* Dataset section:
----------------------------------------
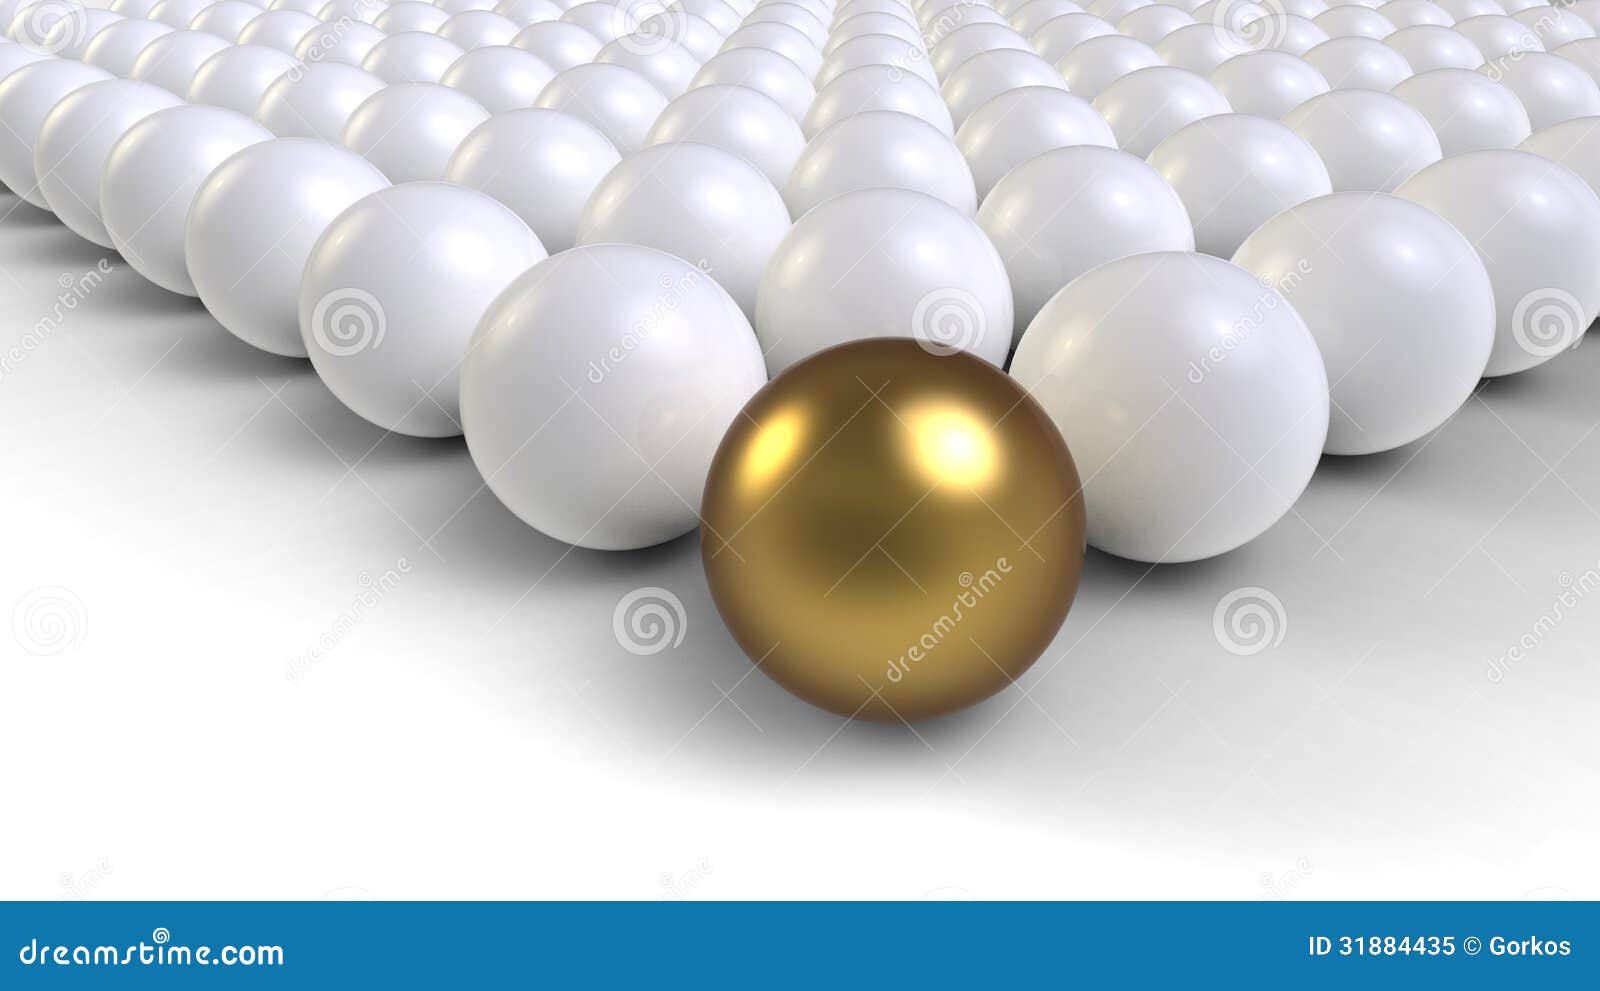 Gold ball stock illustration. Illustration of crowd, shape - 31884435
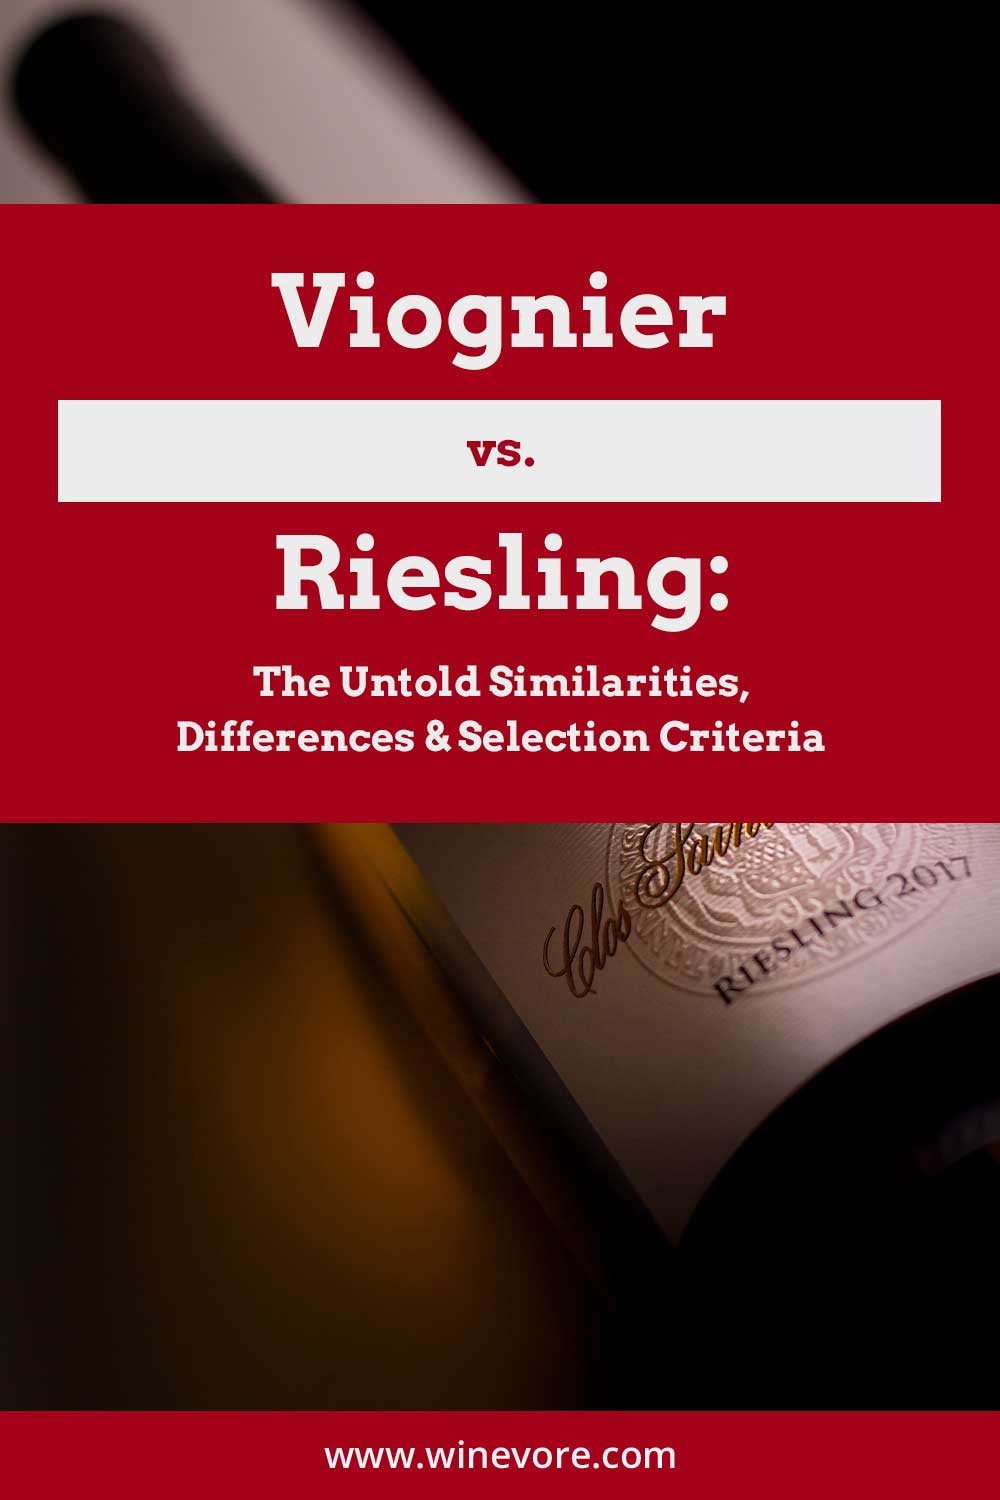 A wine bottle - Viognier vs. Riesling
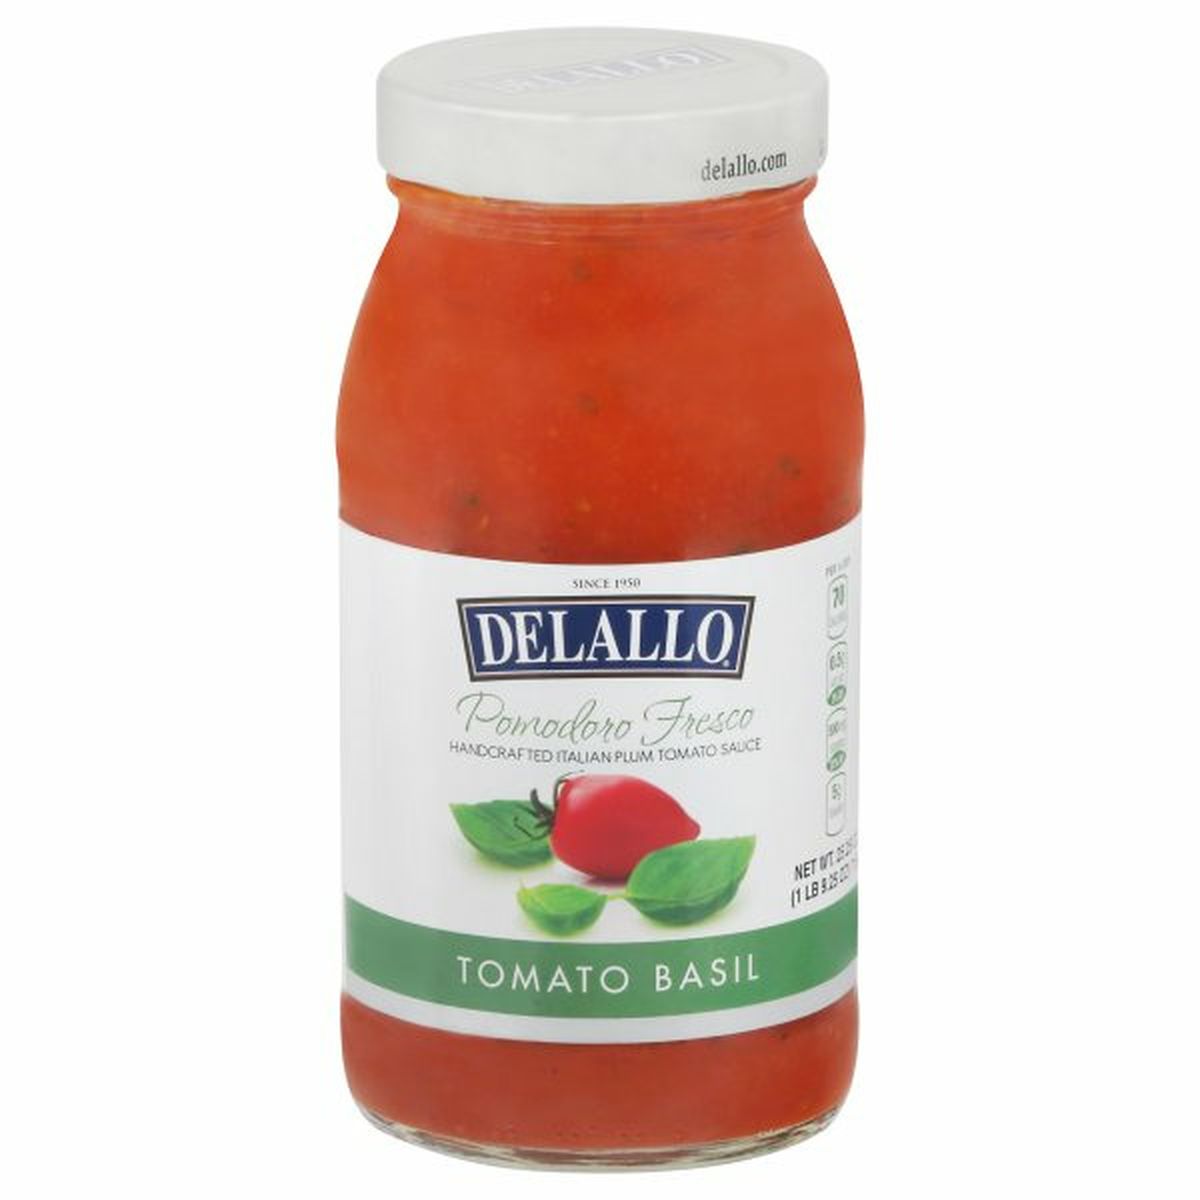 Calories in DeLallo Pomodoro Fresco, Tomato Basil
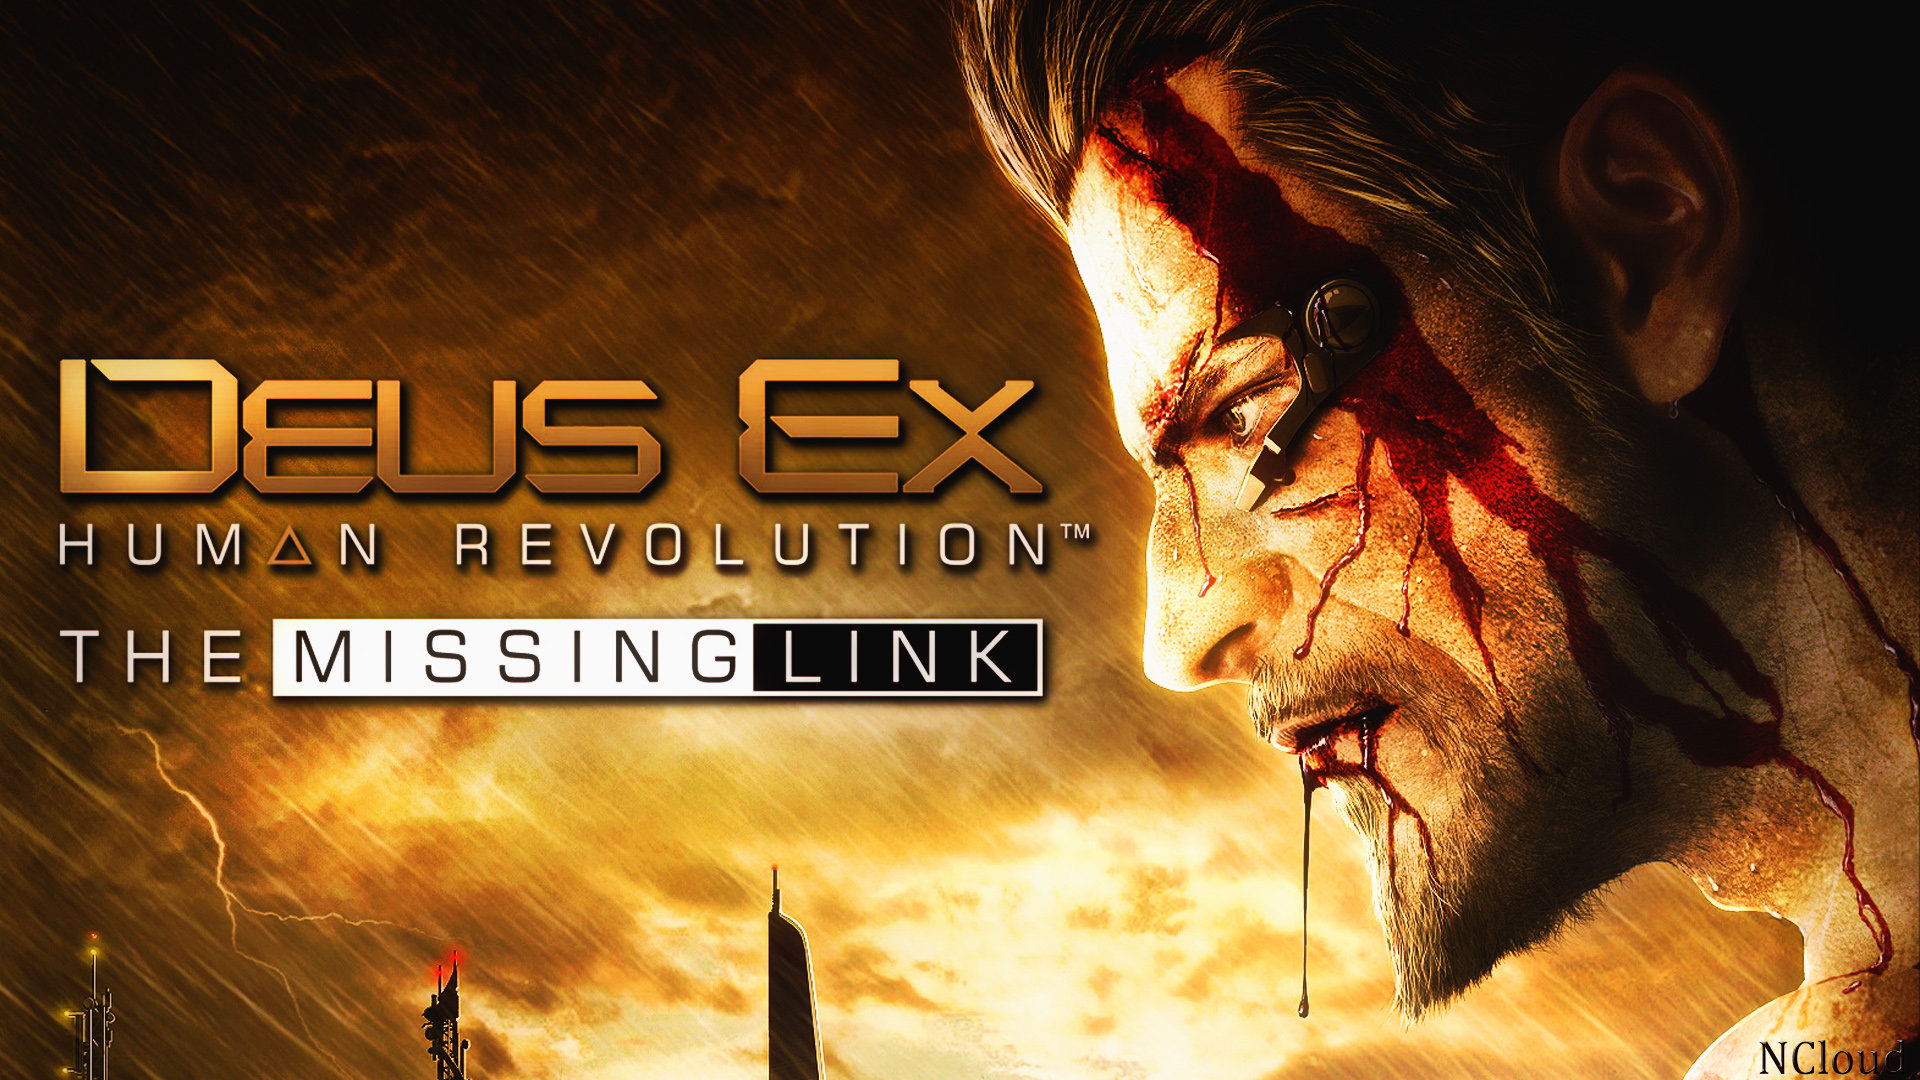 Best Deus Ex: Human Revolution wallpaper ID:158012 for High Resolution hd 1920x1080 desktop
----------------------------------------
* Your objective:
Restate the data exactly, though only from the line that contains "A wine bottle - Viognier vs. Riesling" through its last line, both ends included and with the pictures left out.

* Expected answer:
 A wine bottle - Viognier vs. Riesling
 Calories in DeLallo Pomodoro Fresco, Tomato Basil
 Best Deus Ex: Human Revolution wallpaper ID:158012 for High Resolution hd 1920x1080 desktop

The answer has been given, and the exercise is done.